Она имела при этом в виду огни ходовые, которые горят ночью на любом кораблике, неся в себе огромный смысл и кучу тонкостей, которые не каждый знает. Я, помню, тогда не удержался и, когда все отсмеялись, рассказал вот эту историю.
...Леночка была очень красивой. Ну просто неземной красоты была Леночка. Подобная луне. Первокурсники ради неё были готовы на многое. Смотрели, как якуты на арбуз, подносили сувенирчики – мороженку, шоколадку... У Леночки были огромные глаза-сливы, кокетливая чёлочка, остро очерченные губки и восточный овал лица – то, что в Стране Восходящего Солнца именуется «уридзанэгао». Фигурка тоже была – «удавись, Орнелла Мути», но... Дело не только в глазах и в фигурке.

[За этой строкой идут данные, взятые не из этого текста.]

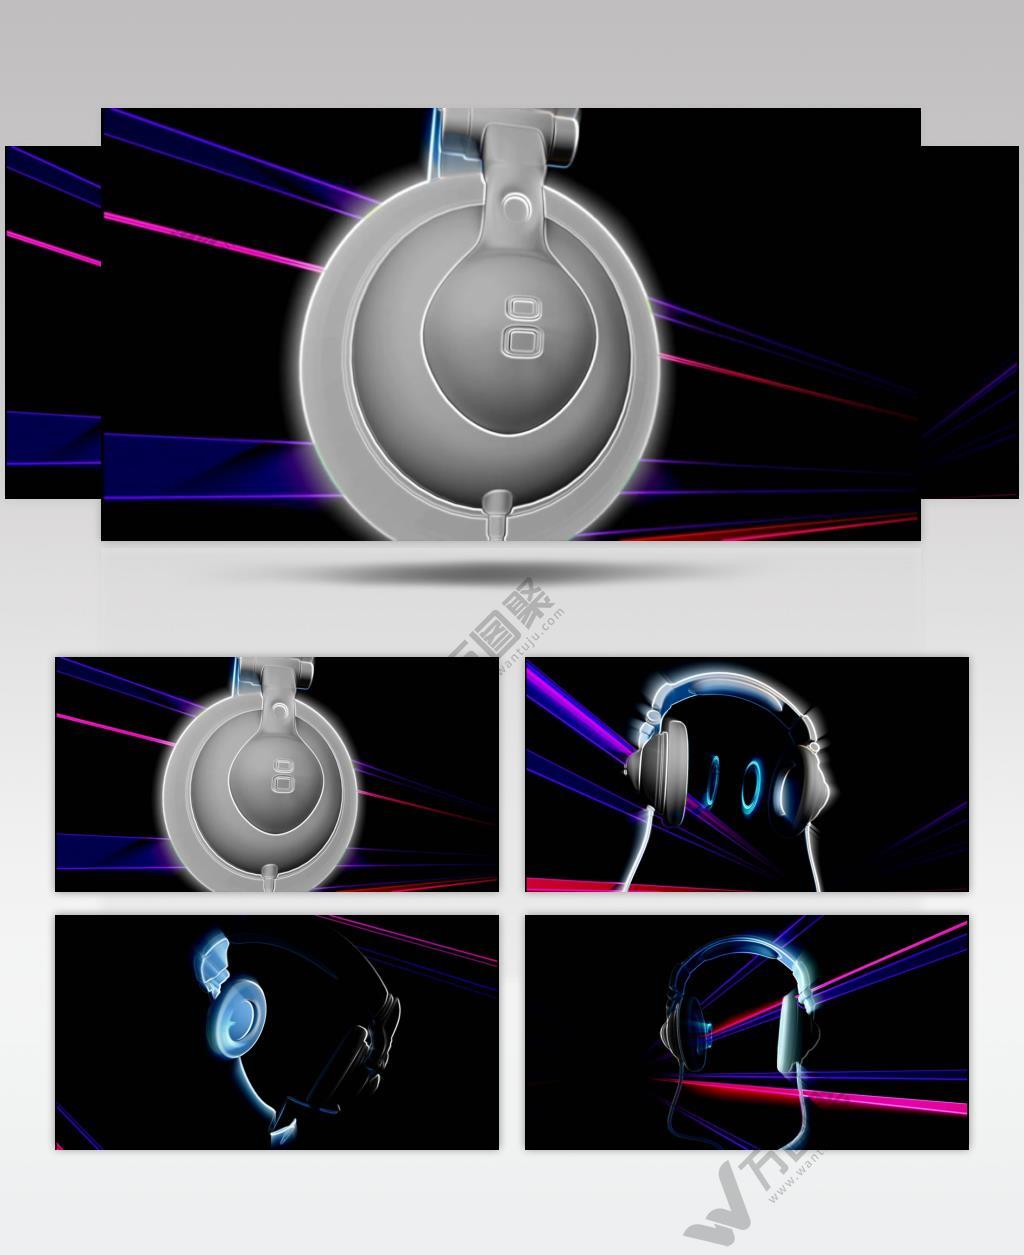 音乐喇叭 dj_headphones_2_hd 酒吧视频 dj舞曲 夜店视频 酒吧音乐喇叭

Леночка работала лаборанткой на кафедре морской практики.
А каждая лекция по морской практике железно начиналась с краткой летучки-опроса по уже пройденному. Объять же морскую практику как науку до сих пор не удалось никому. Чего ж хотеть от карася-первокурсника? Караси купались в двойках и по субботам вместо увольнения сидели в классах, зубря флажный семафор и пиллерсы с мусингами. Когда число двоек превысило мыслимые пределы, кафедра ввела время для пересдачи. Влепили тебе «банан», и ты, не теряя времени, сразу после обеда быстренько жуёшь нужную тему, бежишь на кафедру и пересдаёшь, пока не выветрилось. Правда, капитан первого ранга Кузнецов по прозвищу Кирпич (это за цвет лица, но дяденька был офигенно уважаемый) запросто мог спросить совсем не то, что ты только что вдолбил в свою бестолковку, а потому частенько невыправленный двульник покрывался сверху очередным. Оставалась надежда на «шару», и «шара» таки объявилась в лице Леночки-лаборантки.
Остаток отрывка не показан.